Pfizer eyes Zurich research potential
The world's largest pharmaceutical company, America's Pfizer, is looking to establish commercial links with Zurich's growing scientific research community.
A top Pfizer executive told swissinfo that the US giant is impressed with the "unique" research network set up recently by the Federal Institute of Technology (ETH) and the University of Zurich.
Dr Peter Corr, senior vice president for science and technology at Pfizer, attended the first Zurich Innovation Meeting on Monday, a forum designed to foster links between academia and industry.
"What makes Zurich unique is the close proximity and collaboration between basic research, applied research and clinical medicine," he told swissinfo.
"Science is very vibrant here and Zurich has a tremendous amount of talent and brain power.
"These meetings invariably lead to cooperation which can be very beneficial to both sides. We'd like to be able to be a partner here."
Corr said partnerships could amount to research collaborations, mutual development of technology or the development of new compounds into drugs.
Zurich is building up a global reputation in the field of natural sciences with the establishment the SystemsX initiative in conjunction with the University of Basel in 2004.
The umbrella organisation coordinates work in systems biology, the study of biological organisms, which plays an essential role in the development of new drugs.
Cancer Network Zurich, the Neuroscience Center Zurich and the Biotech Center Zurich are included in the SystemsX fold along with other competence centres in infectious diseases and metabolic diseases.
SystemsX works closely with the Zurich University hospital and the Technopark. In addition, work has started on converting ETH's Hönggerberg campus into an ambitious Science City project by 2010.
The developments have already attracted the attention of Swiss pharmaceutical giant Roche - in December the Basel-based firm agreed to pour an annual SFr2.1 million ($1.6 million) into a three-year project to research diabetes.
New ETH president Professor Ernst Hafen told the innovation meeting that he is determined to create more such partnerships in the future.
"In Switzerland, and especially in Zurich, we have a window of opportunity to build bridges between basic science and corporate research. Our basic goal is to strengthen this interaction," he said.
Corr believes Switzerland is on the verge of becoming a scientific innovation leader. But he warned that the Swiss government must back initiatives with money and support for education to avoid making the same mistakes as Germany.
"Germany used to be the medicine chest of the world with their pharmaceutical companies leading the way. But they have got it wrong in the past 15 years," he told swissinfo.
"They cut down on academic research and constantly pressured prices. They did not support pharma or biotech, leading to an exodus of molecular biologists.
"Switzerland is now standing on a crossroads and must decide which path it is going to take."
swissinfo, Matthew Allen in Zurich
SystemsX, a collaboration between ETH and the universities of Zurich and Basel, was given the green light to proceed in June 2004 when it was awarded a SFr10 million start-up budget by the Swiss Universities Conference.
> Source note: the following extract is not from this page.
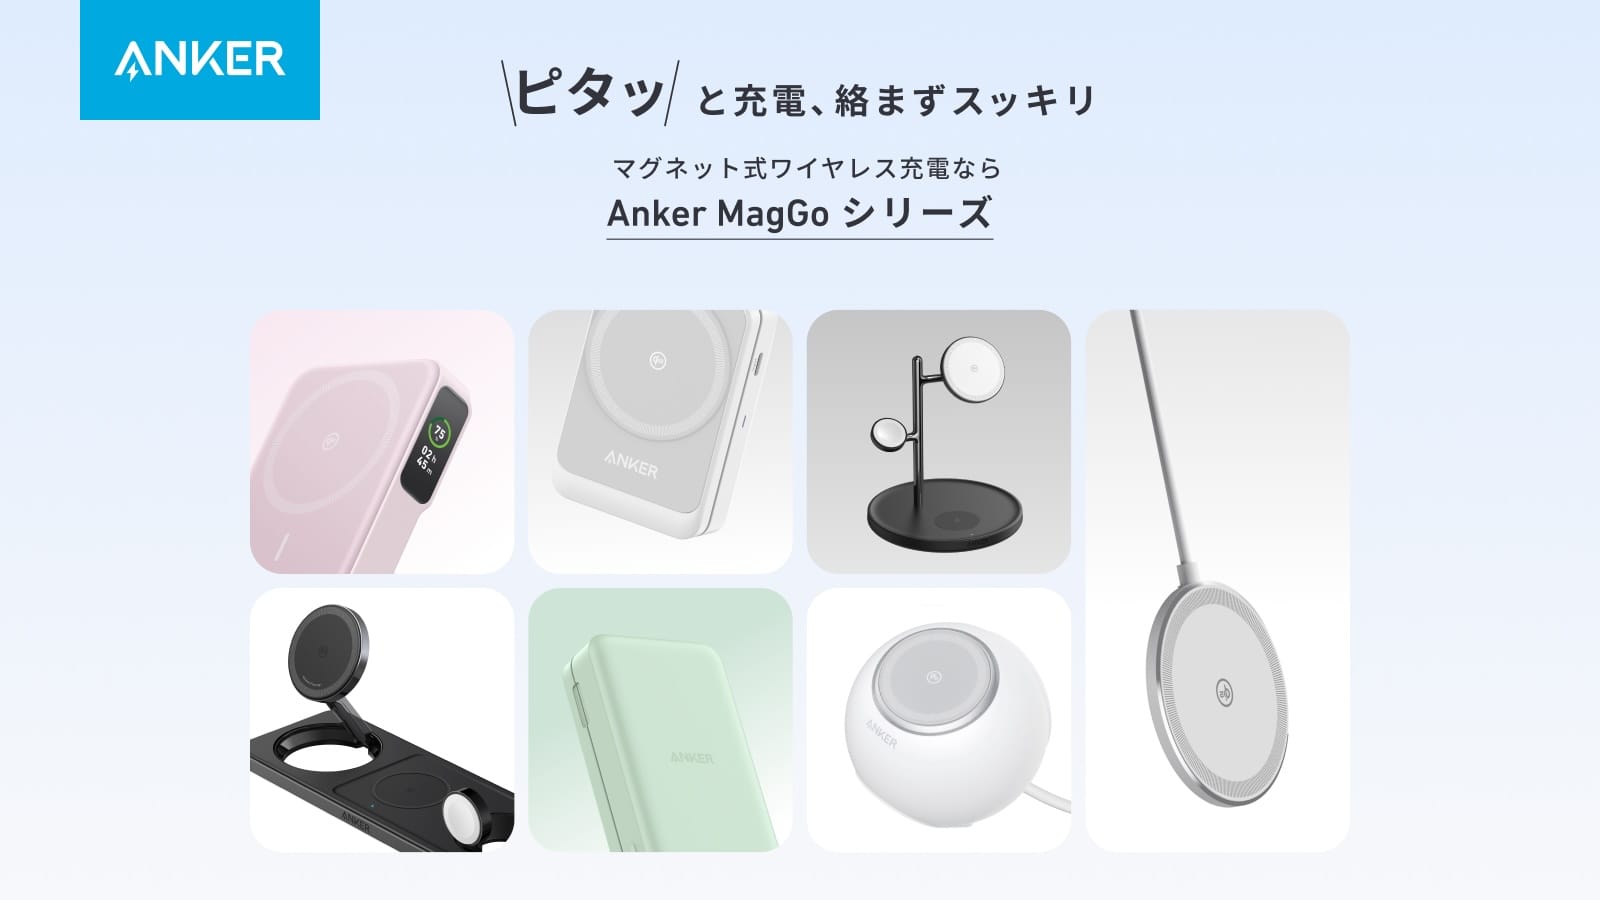 Anker、Qi2対応マグネット式ワイヤレ充電器やオープンイヤー型ワイヤレスイヤフォンなどを発売
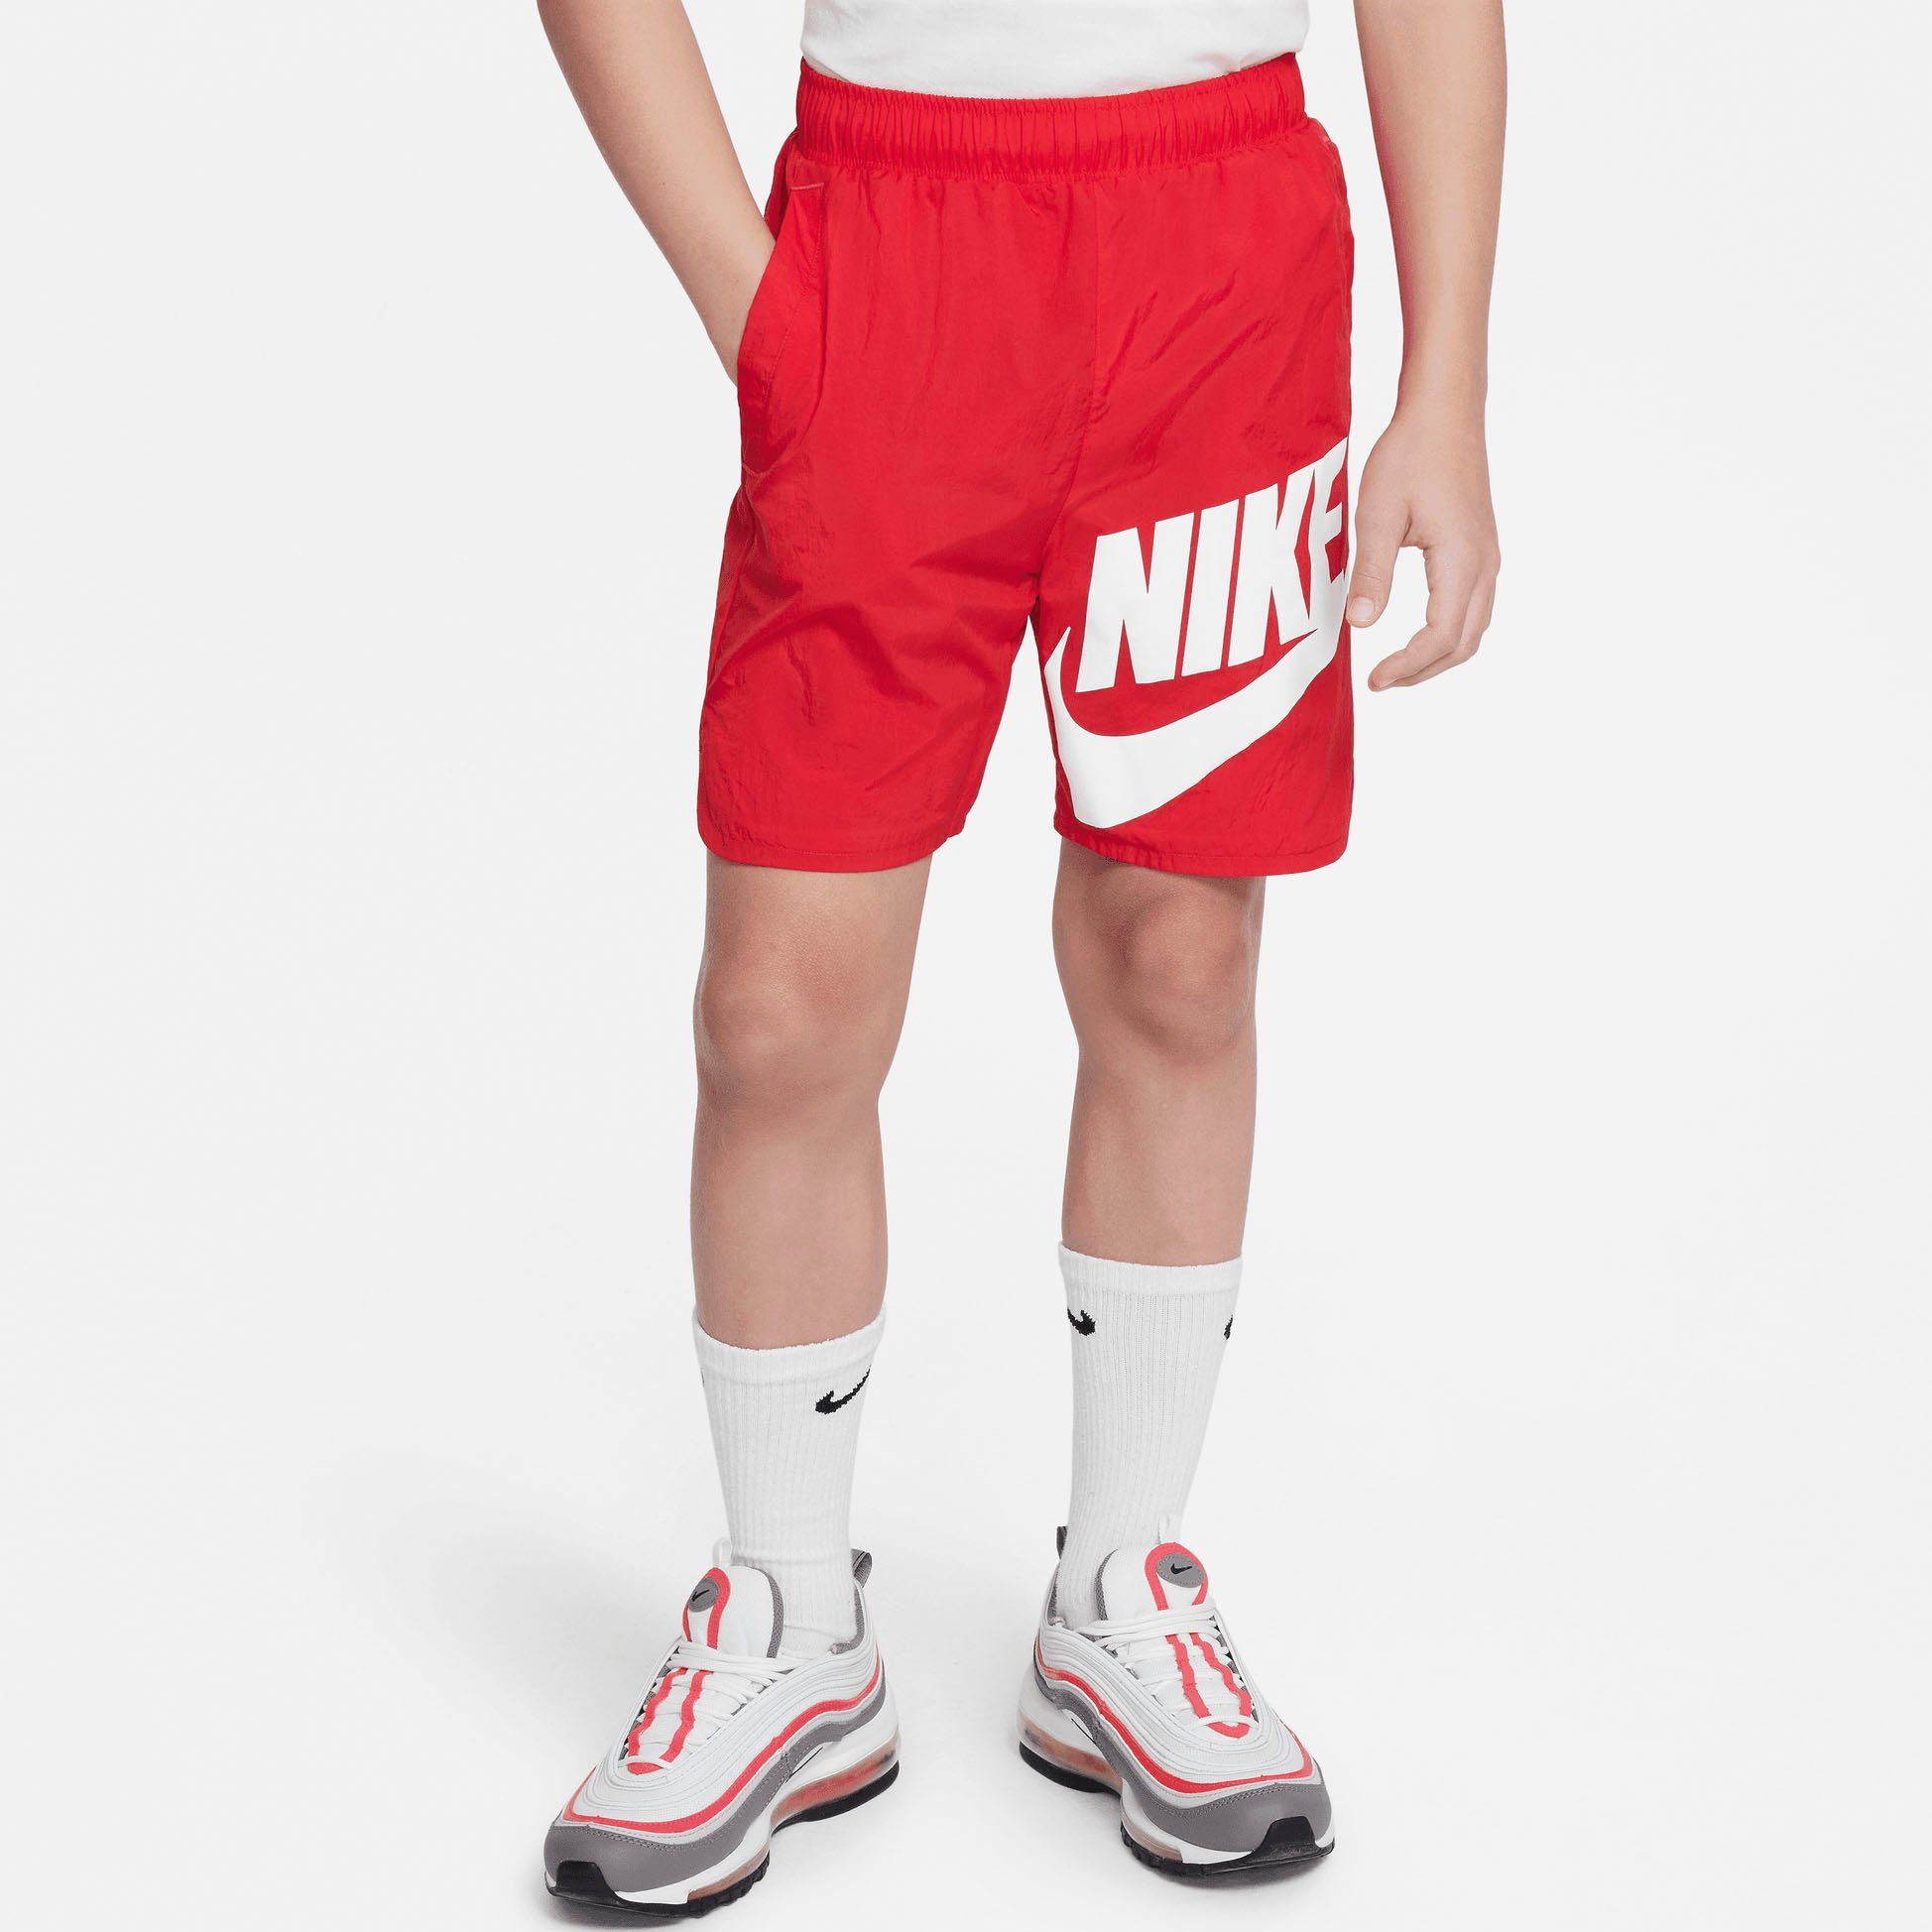 Shorts (Boys) Kids' rot Sportswear Nike Shorts Big Woven

Zurich is building clusters of competence centres in systems biology disciplines while a Centre of Biosystems Science and Engineering will be built in Basel.
Technopark Zurich, a foundation to support technology start-up companies, was founded in 1993.
The Neuroscience Center Zurich, the successor of Work Group in Neurobiology, was set up in 1998. Five years later Biotech Center Zurich sprang up.
The SFr400 million Science City project is due to be up and running at ETH Zurich's Hönggerberg campus in 2010, housing 1,000 students and researchers.
The first Zurich Innovation Meeting took place at the Stock exchange on April 3. The full day meeting was designed to bring academics and biomedical industry experts together to facilitate future collaborations.
US-based Pfizer is the world's largest pharmaceuticals company, with revenues of more than $51 billion last year (net income $8.085 billion).
In 2005 the company spent $7.4 billion on research and development and has more than 250 links with companies and academic institutions worldwide.